((
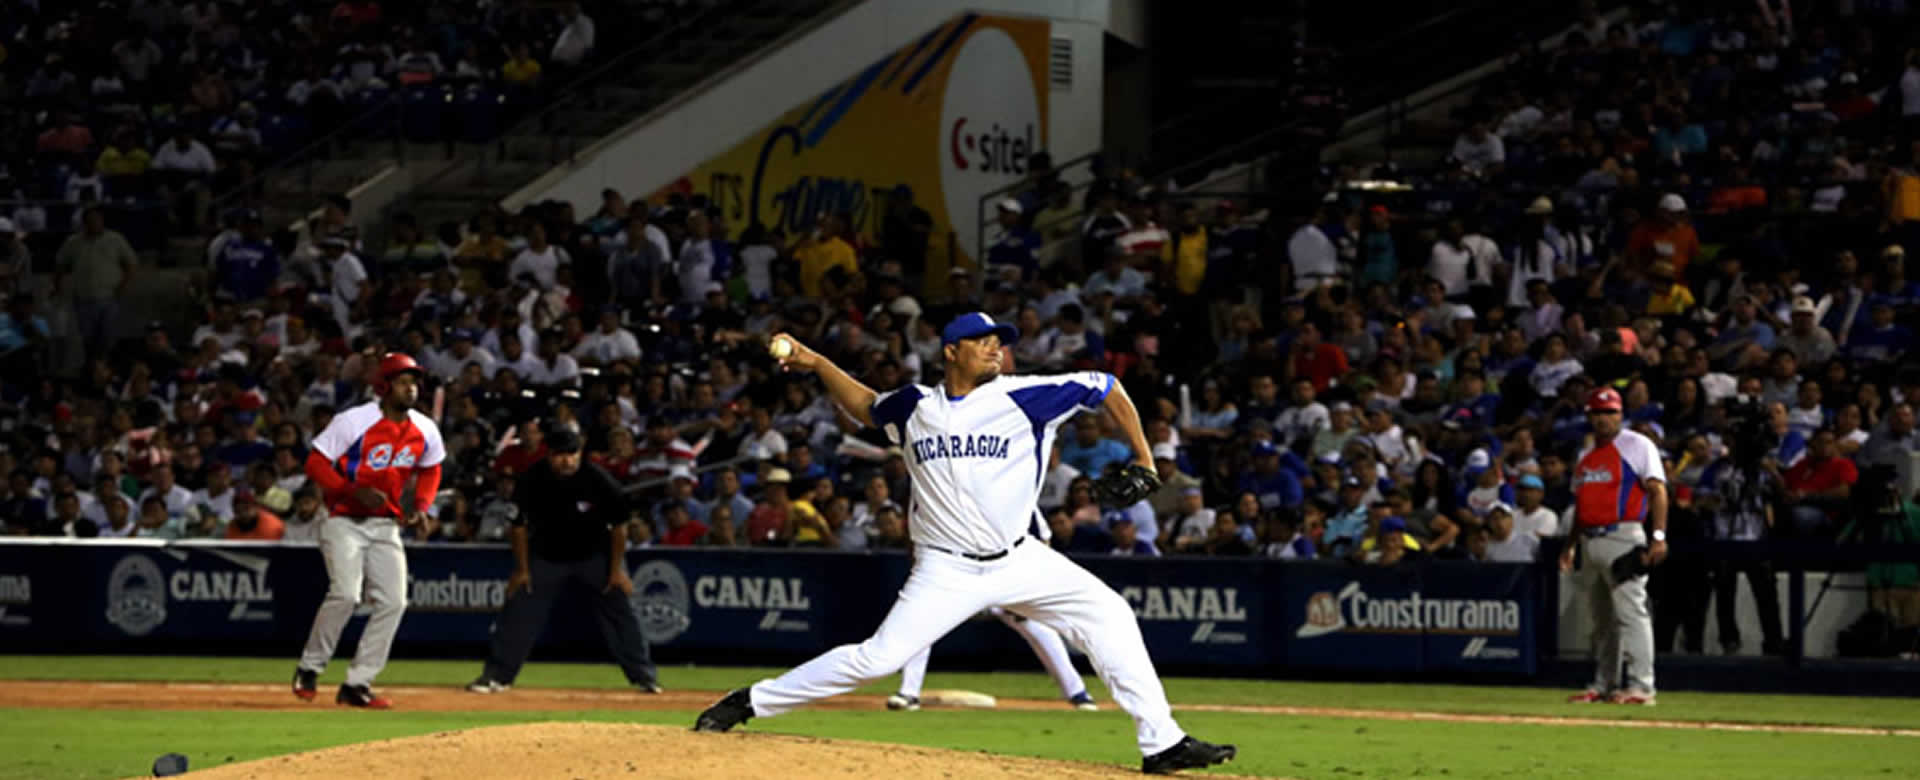 Nicaragua cuba fiesta beisbolera
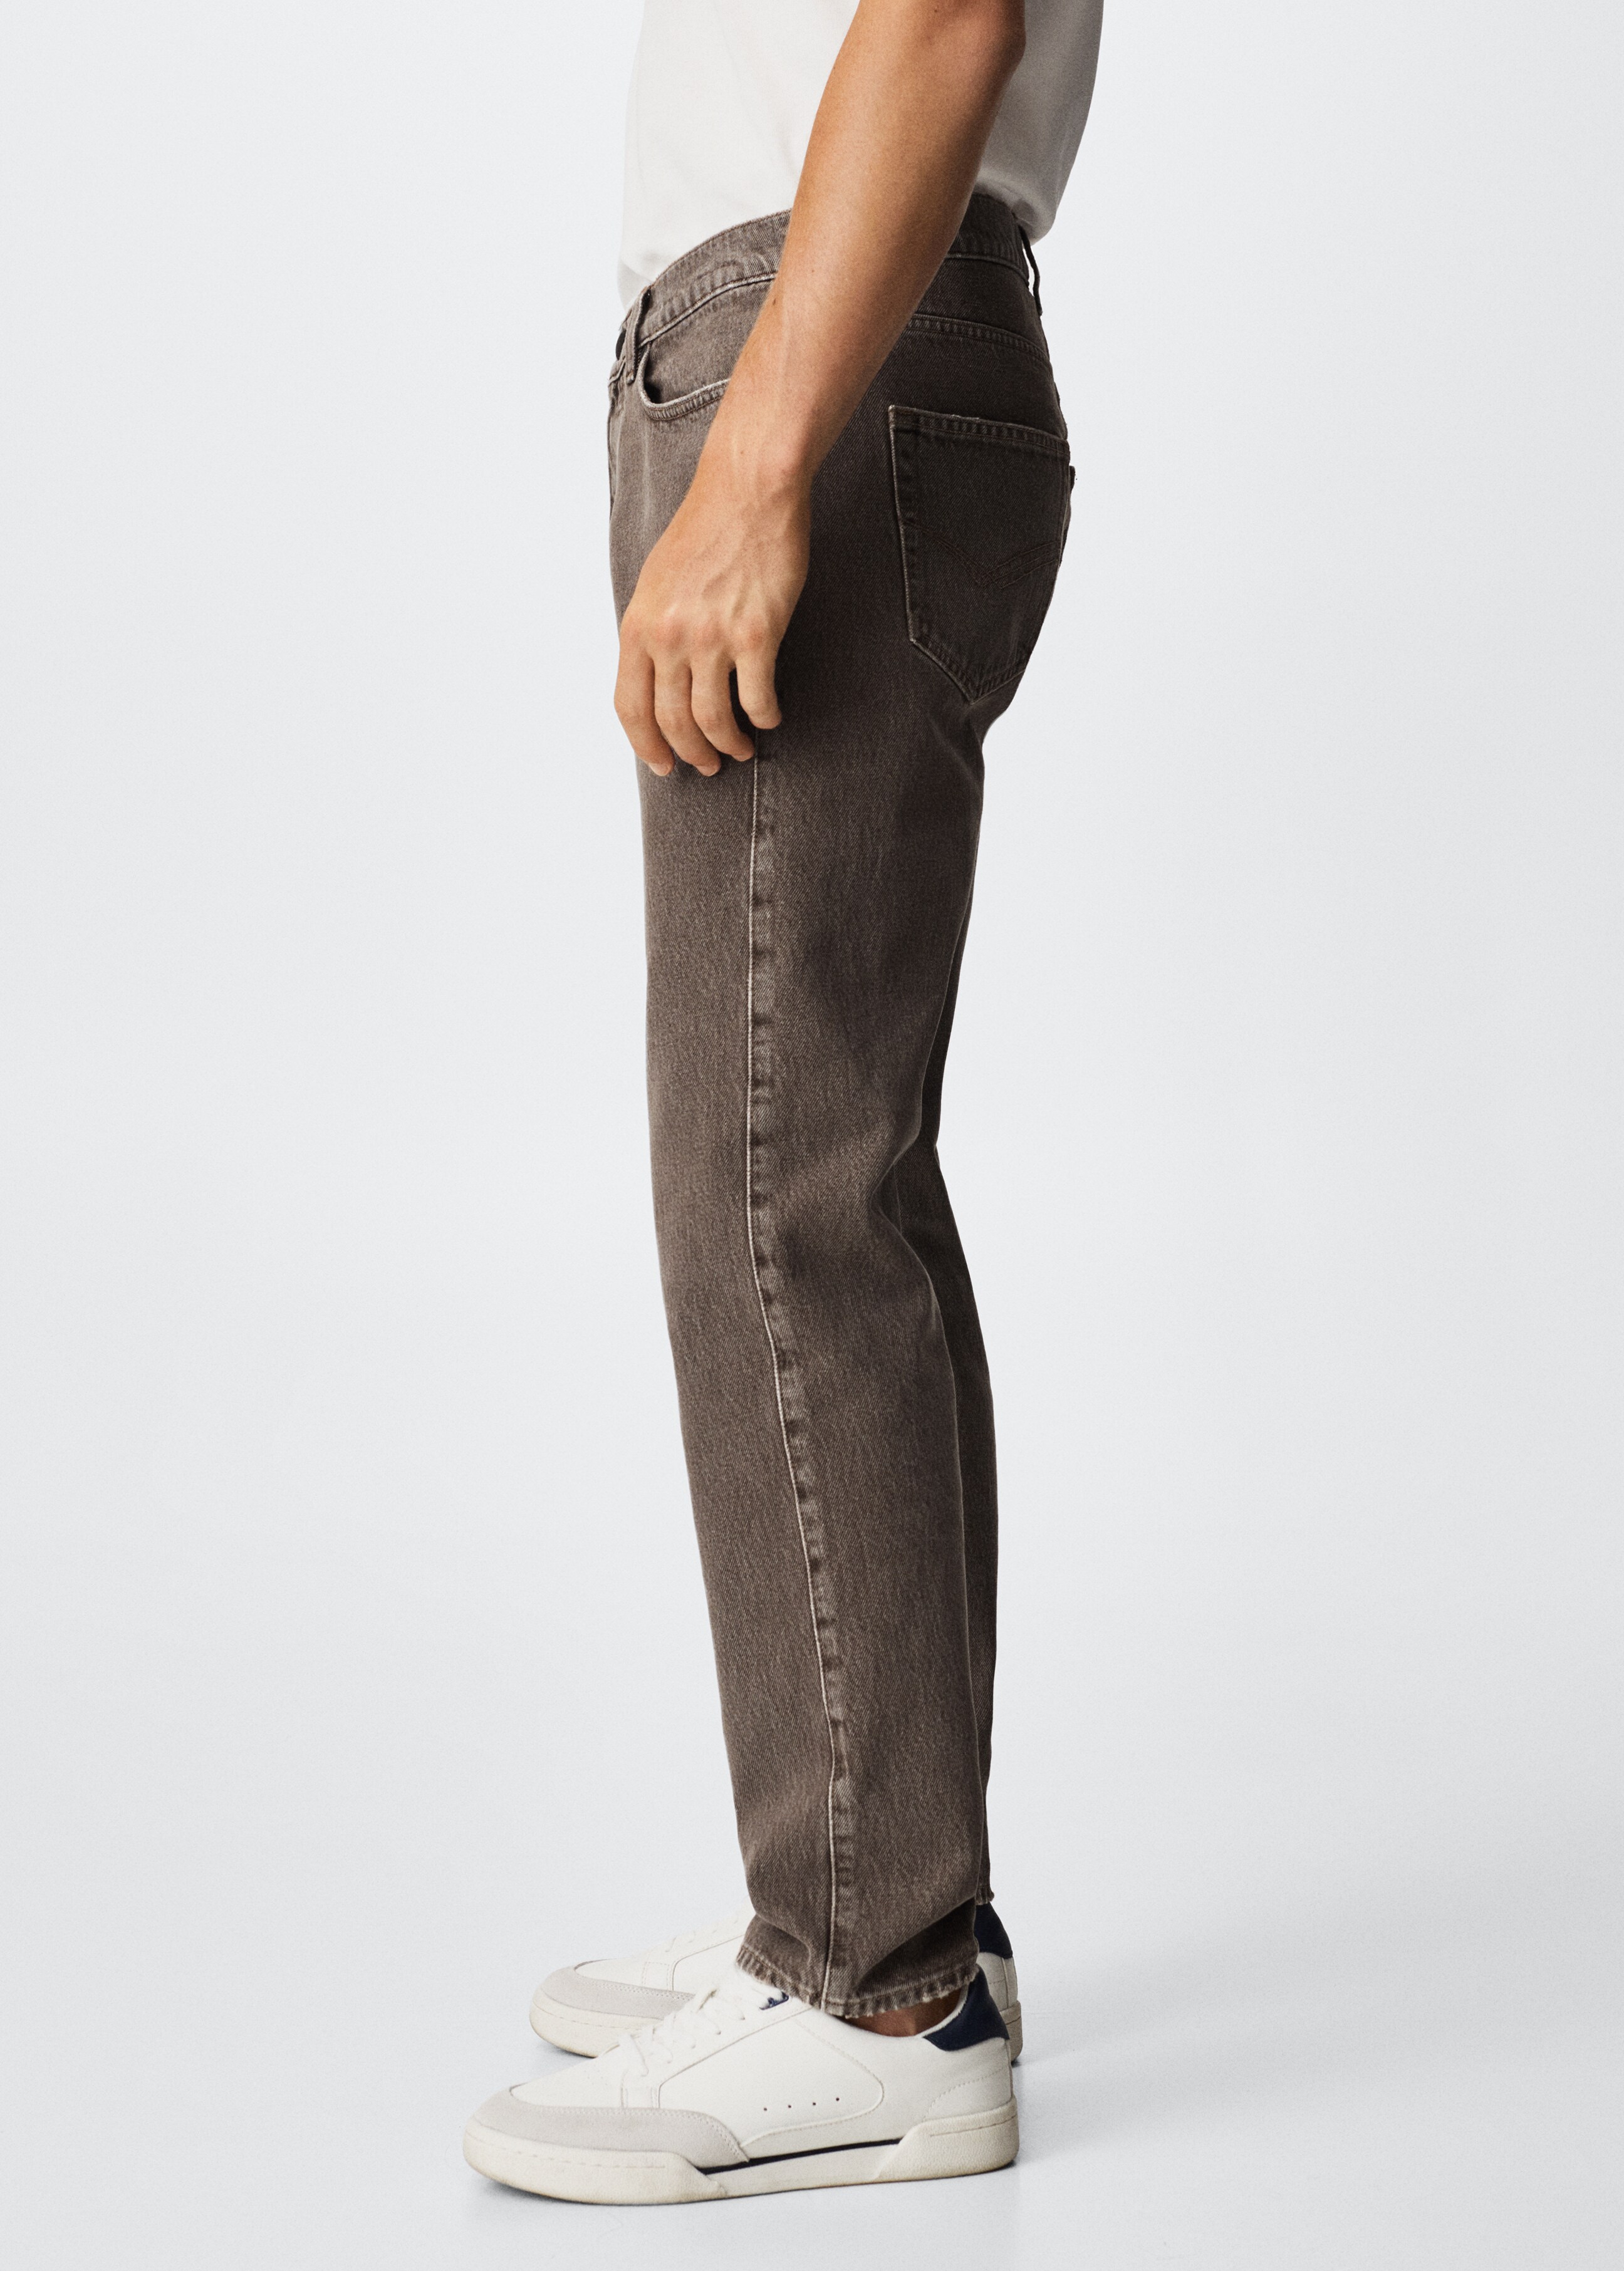 割引設定RHC Vintage Straight Denim Pants 23インチ パンツ
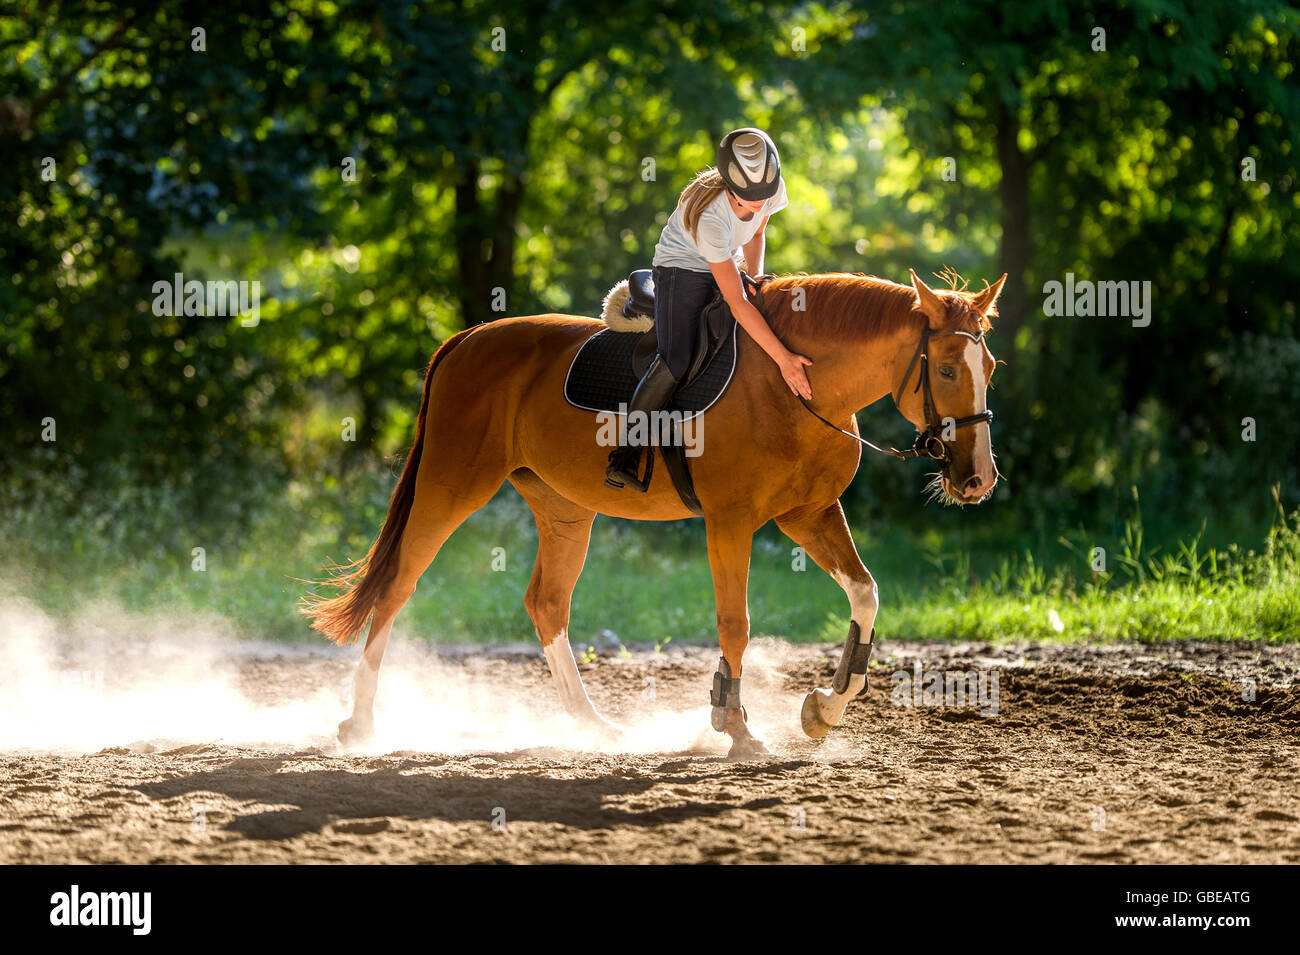 Girl riding a horse Stock Photo
))
YOUR ASSIGNMENT: Your answer should contain all the material above, written out exactly, and none of the pictures.

TASK OUTPUT:
 Nicaragua cuba fiesta beisbolera
 割引設定RHC Vintage Straight Denim Pants 23インチ パンツ
 Girl riding a horse Stock Photo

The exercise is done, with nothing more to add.